- **What you will do**
Output only the lines below that start at the line containing "Mein Blick zum" and end at the line containing "CarPlan Rust In Peace Rust Remover - 400ml", with both ends kept.

━━━━━ Provided records

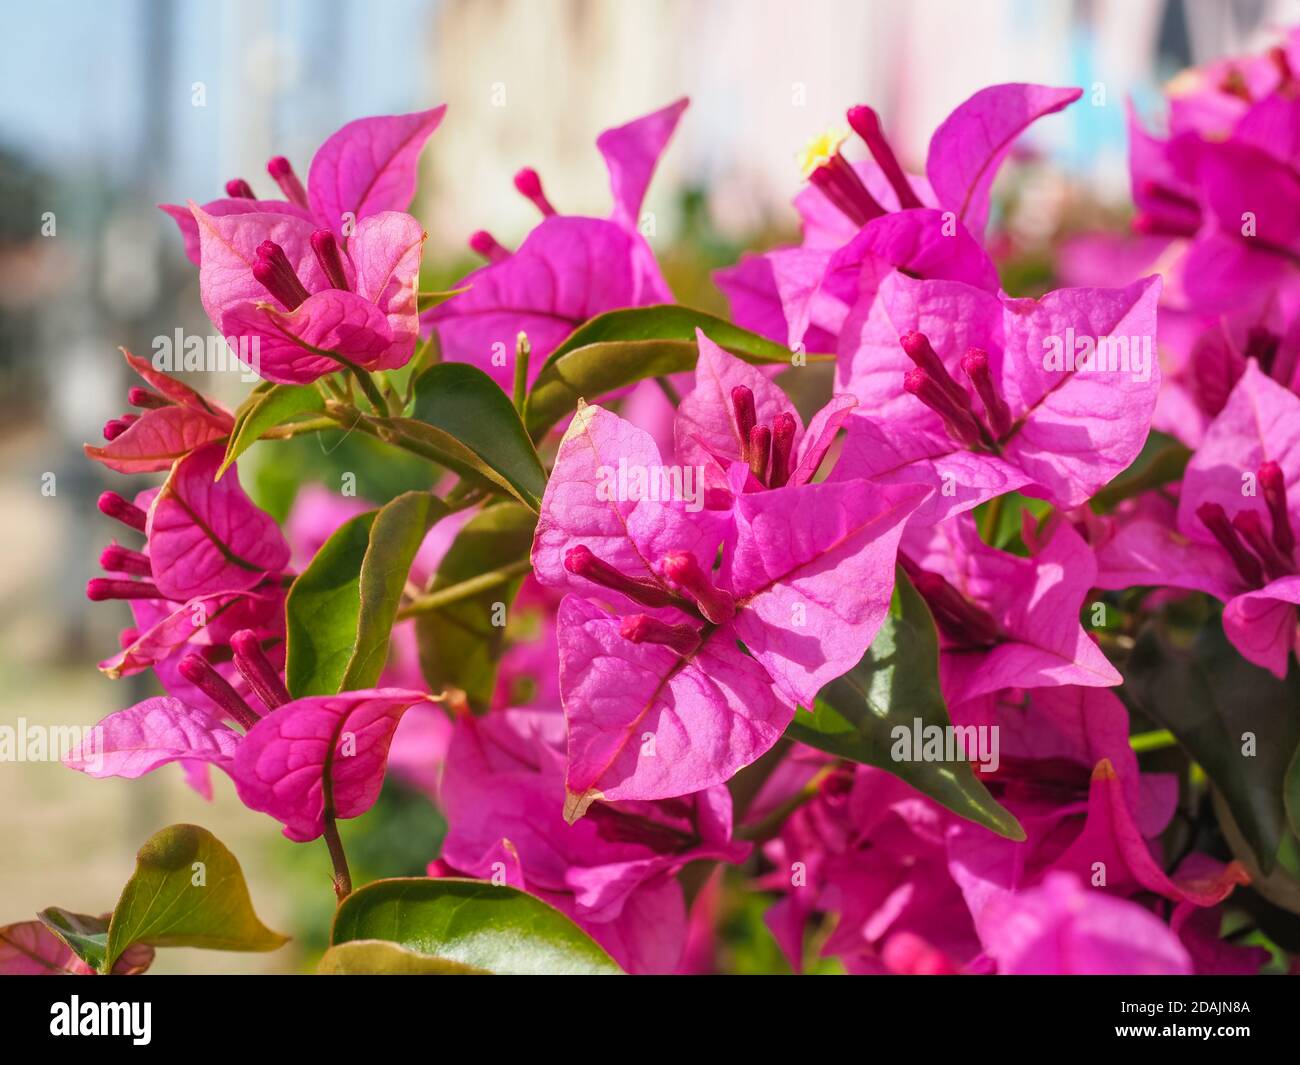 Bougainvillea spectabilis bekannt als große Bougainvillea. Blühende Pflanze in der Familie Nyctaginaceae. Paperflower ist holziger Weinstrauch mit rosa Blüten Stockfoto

━━━━━━━━━━
━━━━━ Provided records

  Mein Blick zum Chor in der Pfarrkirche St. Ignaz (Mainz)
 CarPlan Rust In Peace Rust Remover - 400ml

━━━━━━━━━━
━━━━━ Provided records

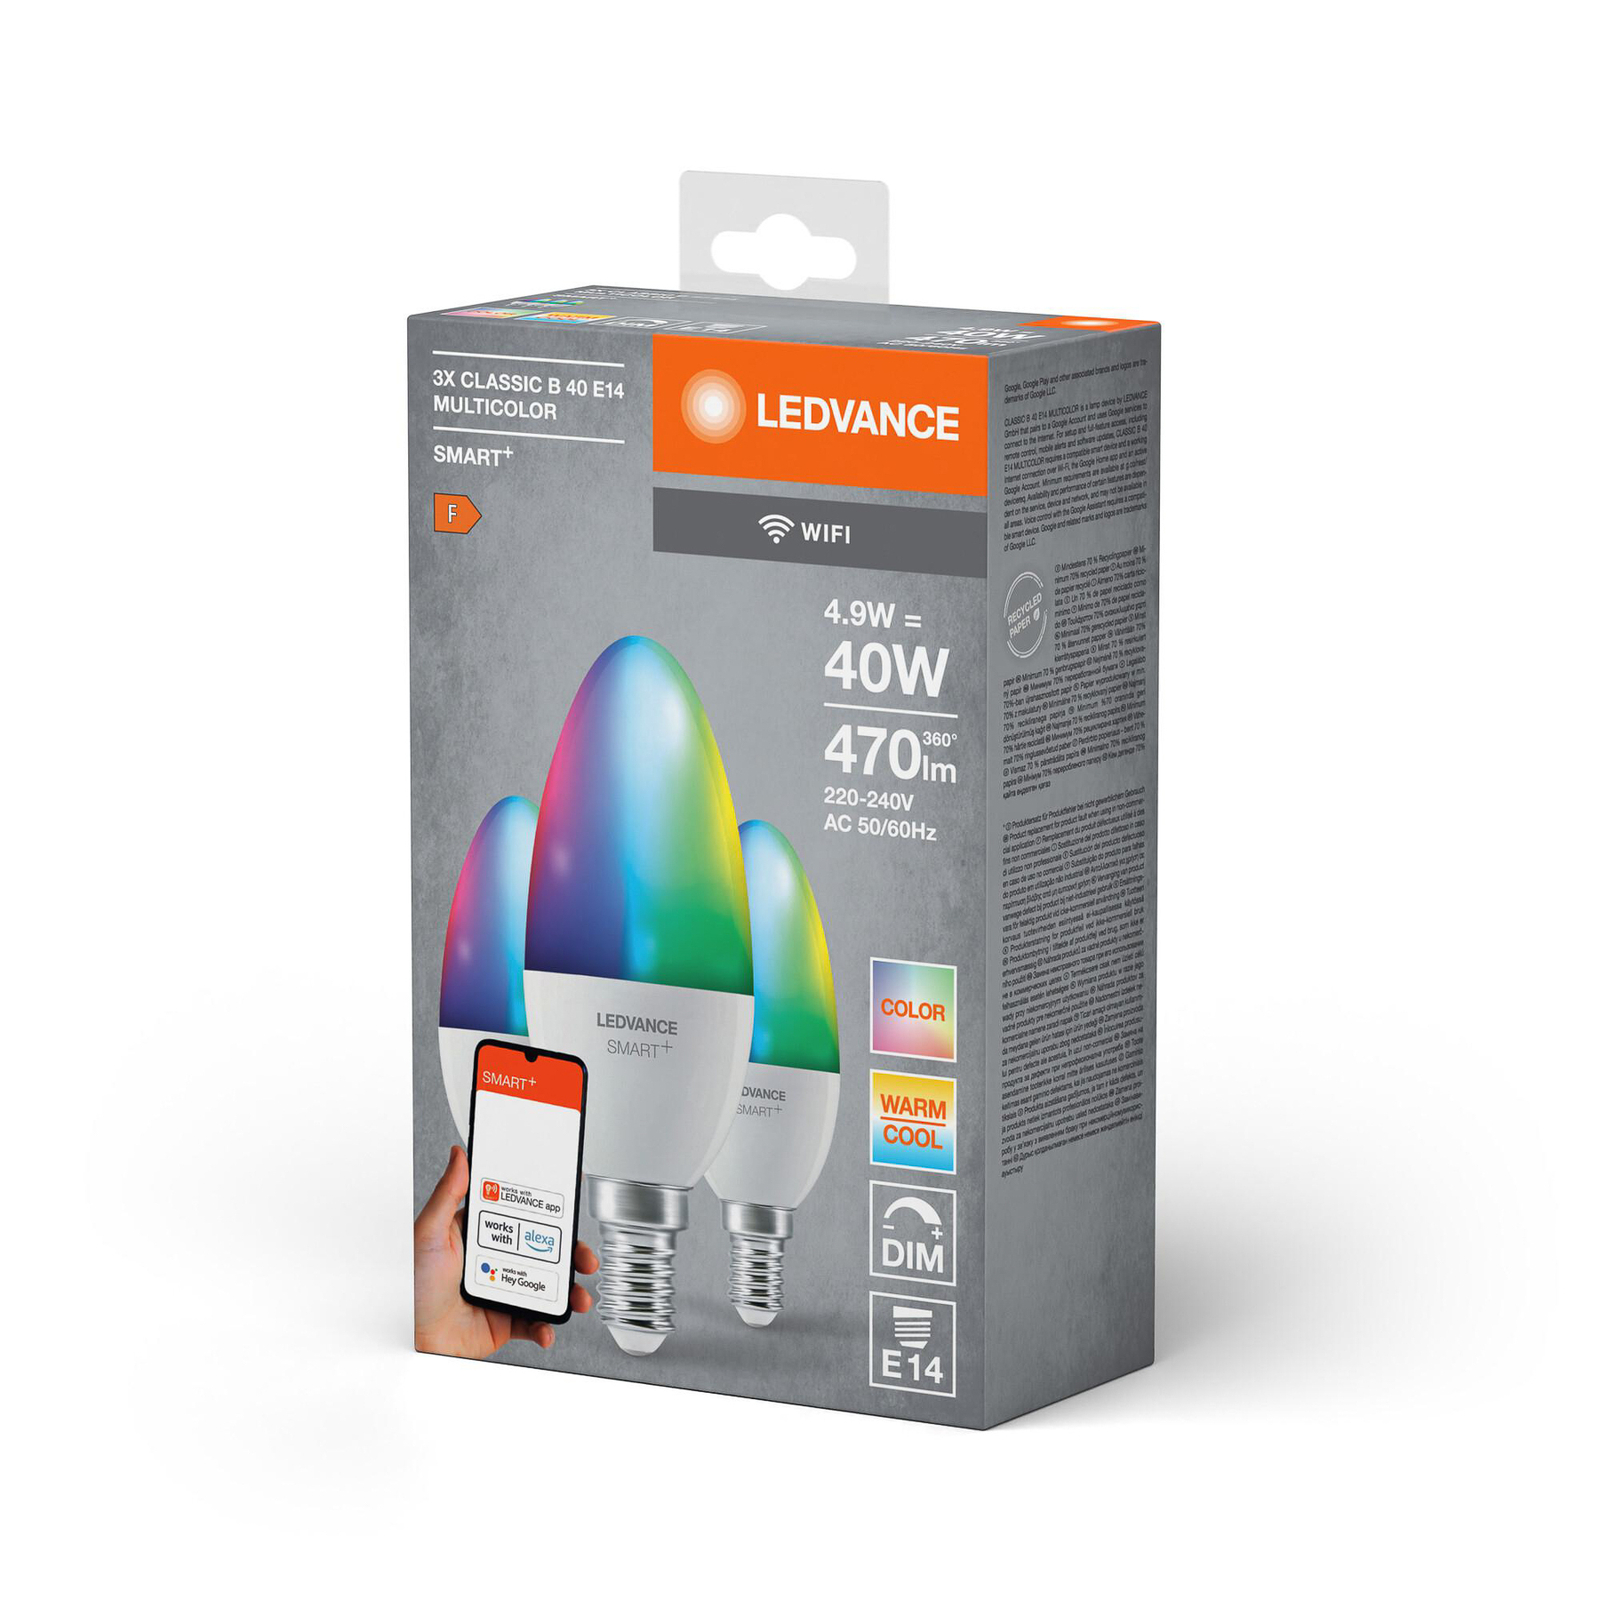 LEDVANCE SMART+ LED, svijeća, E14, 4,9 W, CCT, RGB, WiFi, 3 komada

━━━━━━━━━━

- **Response to the exercise**
  Mein Blick zum Chor in der Pfarrkirche St. Ignaz (Mainz)
 CarPlan Rust In Peace Rust Remover - 400ml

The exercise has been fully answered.